18 Doesn’t this open the floodgates to categorising as property many things that have not traditionally been recognised as property under English law?
We think that is unlikely. It is true, however, that the basis for concluding that cryptoassets should in principle be capable of being owned is not specific to cryptoassets. It is conceivable, therefore, that the same analysis may apply equally to other arrangements (whether innovative or already established).
The legal statement presents a case for cryptoassets being property by reference to the broad characteristics of property (see paragraphs 49-58). It describes certain key features commonly associated with cryptoassets and applies these general descriptions to the identified characteristics of property.
It does not, however, directly stress test that analysis by applying it to several other types of intangible phenomena. This does mean that the analysis put forward in the legal statement could be applied beyond what we currently understand as cryptoassets and to other forms of data or intangible phenomena which are not commonly thought of as property – for example, something like a token on an internet game hosted by a single server which is transferrable between game participants in certain circumstances (although we note that in most such cases questions about legal status may not arise, as such games will invariably be governed by terms of use, which will either specify that no legal obligations arise or will likely create a chose in action). We do not, however, see any material issues with this, as long as such other forms of data are able to satisfy the criteria in the analysis set out in the legal statement, which is of course something to be determined on a case-by-case basis.

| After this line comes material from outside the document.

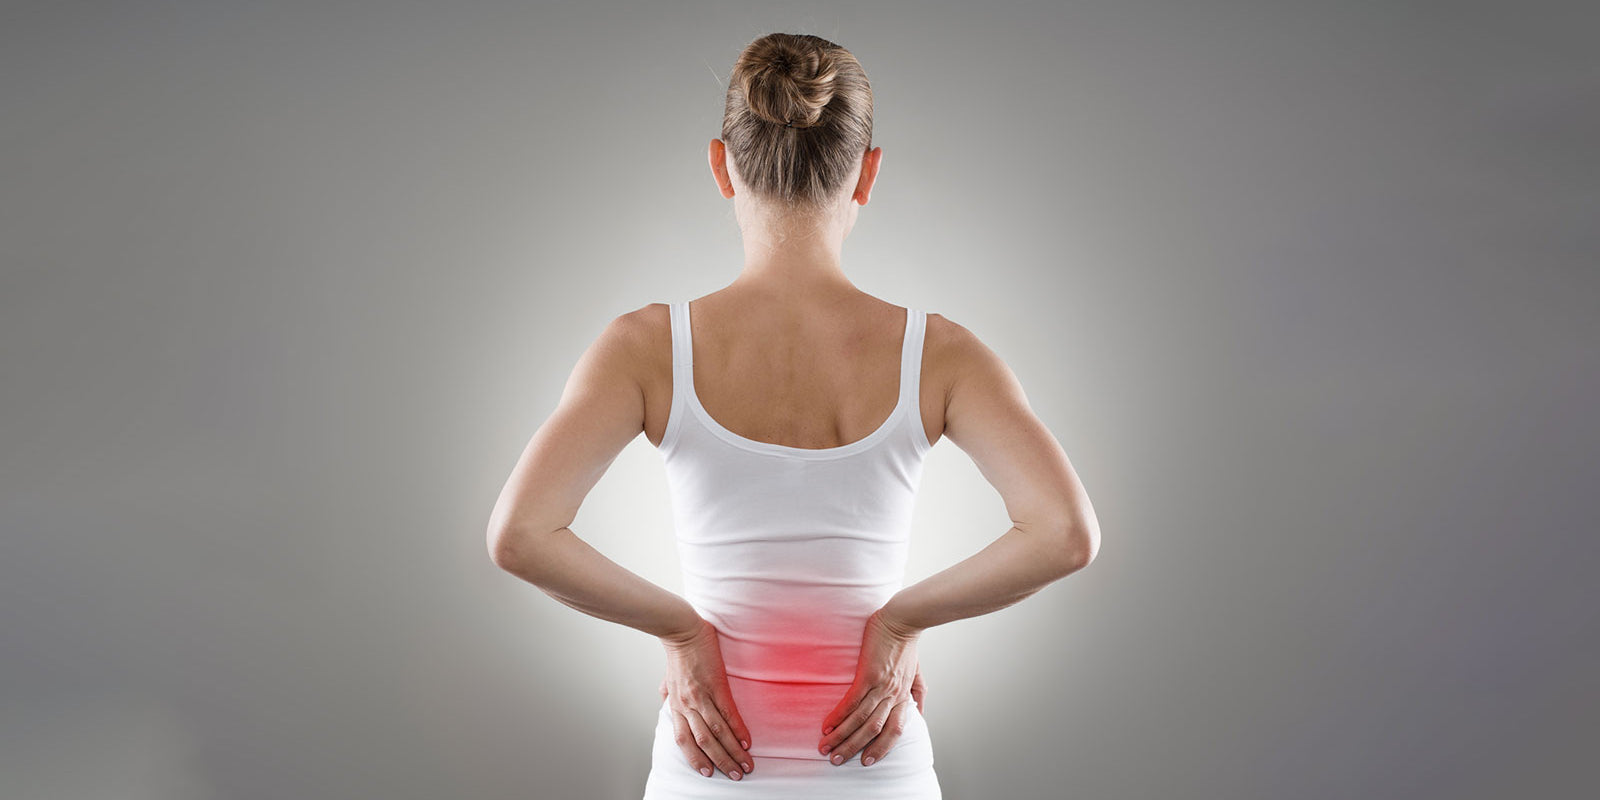 10 Tips to Relieve Lower Back Pain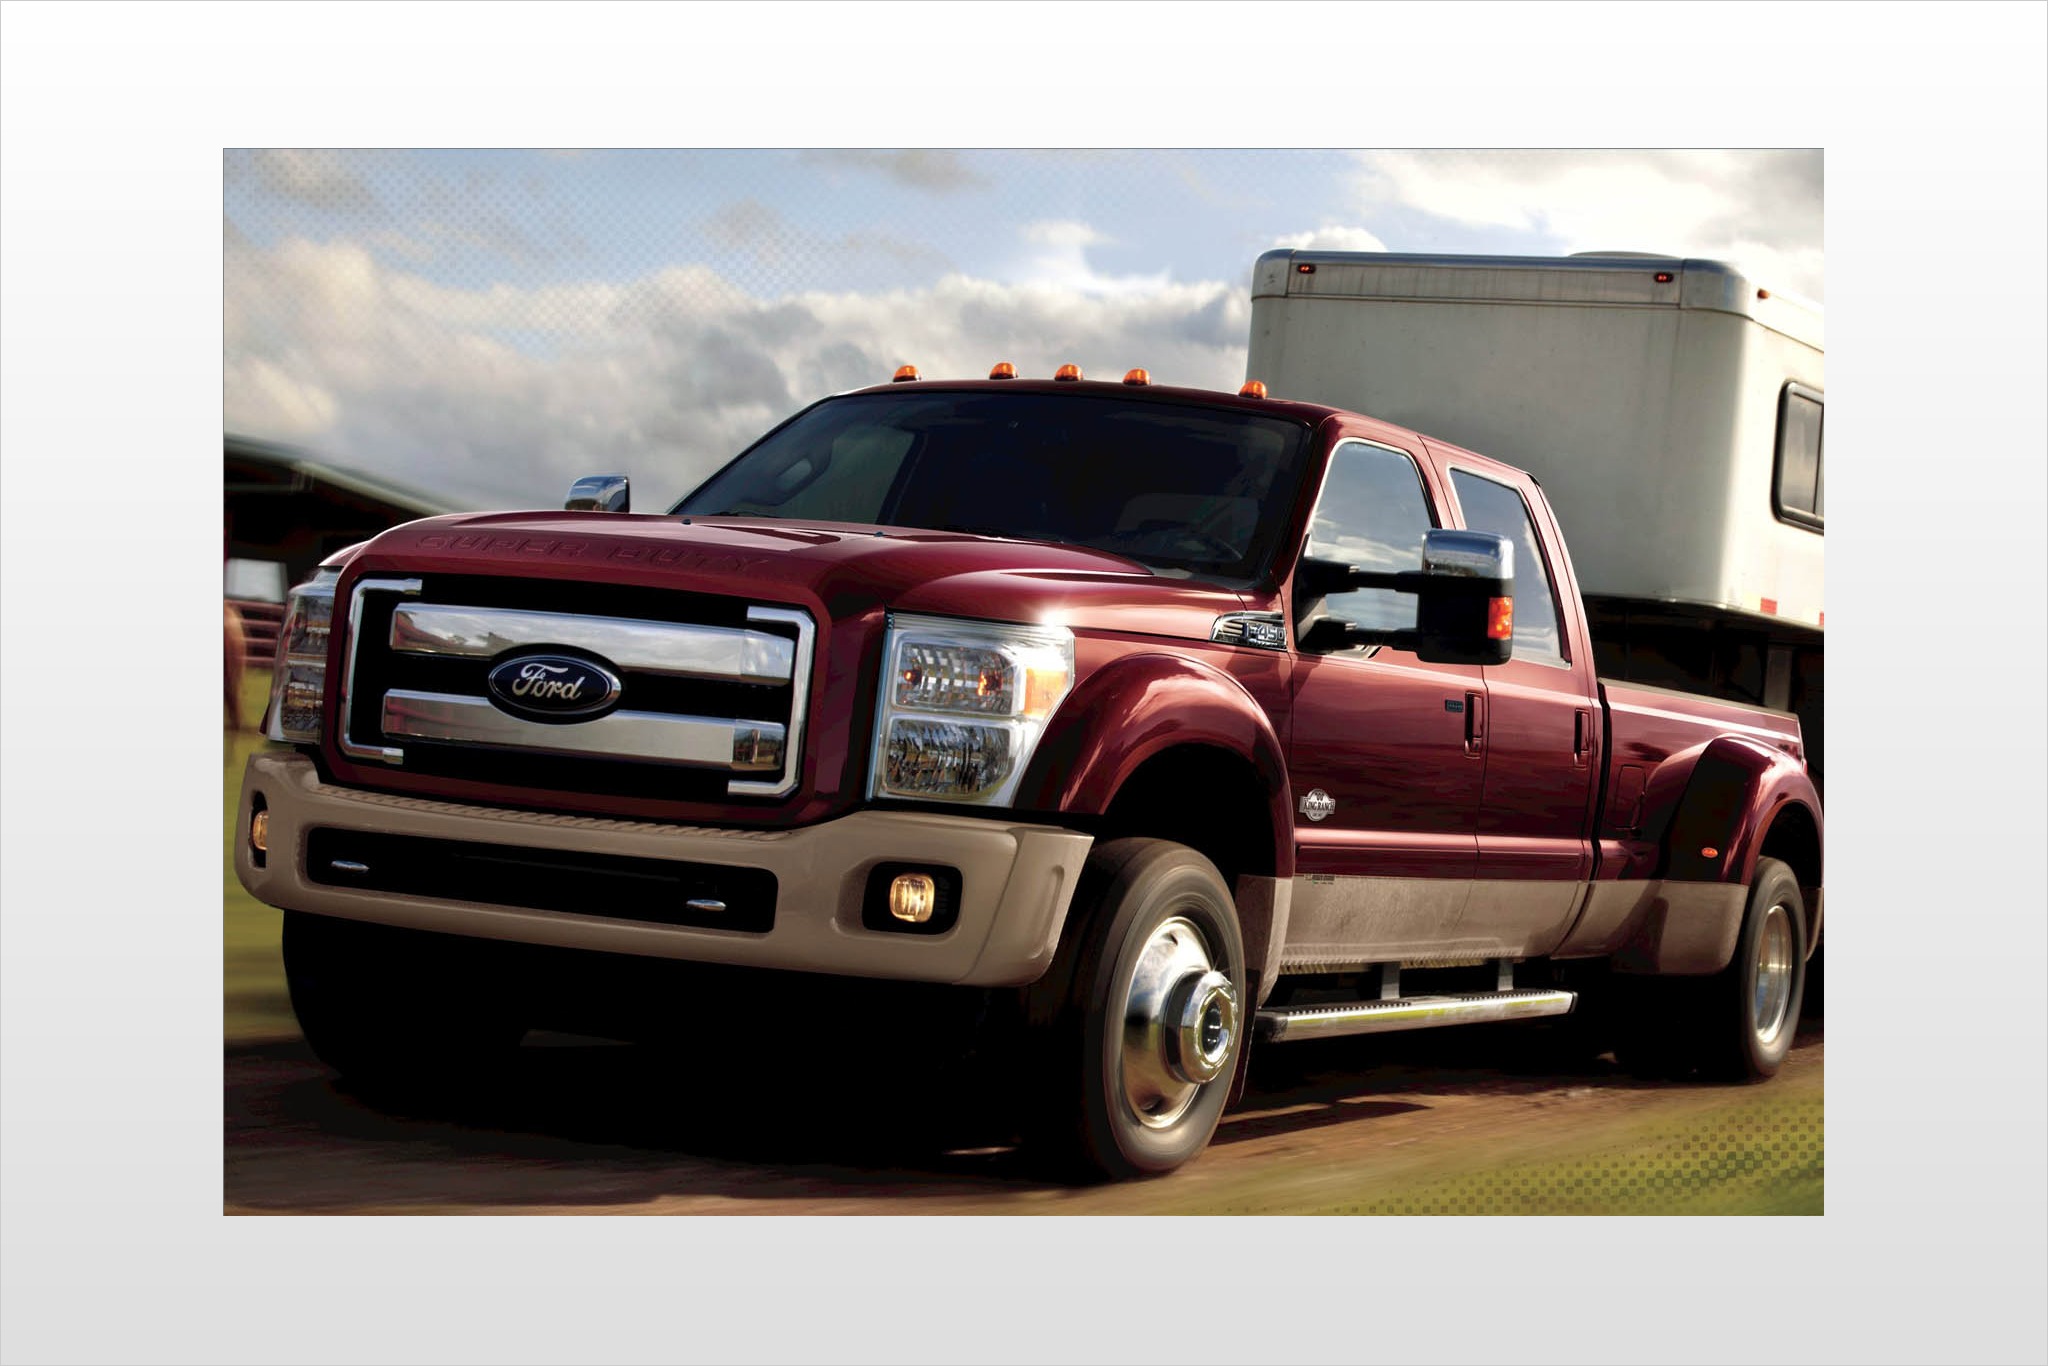 2012 Ford F-450 Super Duty King Ranch Crew Cab Pickup Exterior

19 Which issues did the legal statement not cover?
There were many issues that the legal statement was not commissioned to address (see paragraphs 10 to 12). These include:
> conflicts of laws questions, such as when English law would be the correct law to consider matters of ownership of cryptoassets. We have provided some detail on this in FAQ 17 above;
> remedies, such as what recourse would there be against someone who interferes with the ownership rights of someone who owns cryptoassets. We have provided some detail on this in FAQs 13 and 14 above;
> regulation, such as whether a licence or other regulatory approval is required to effect certain dealings in cryptoassets and questions of specific regulatory characterisation, for example under settlement finality legislation; and
> other legal matters more appropriately dealt with by legislation, such as taxation, criminal law, partnership law, data protection, intellectual property, consumer protection, regulatory capital, anti-money laundering and counter- terrorist financing.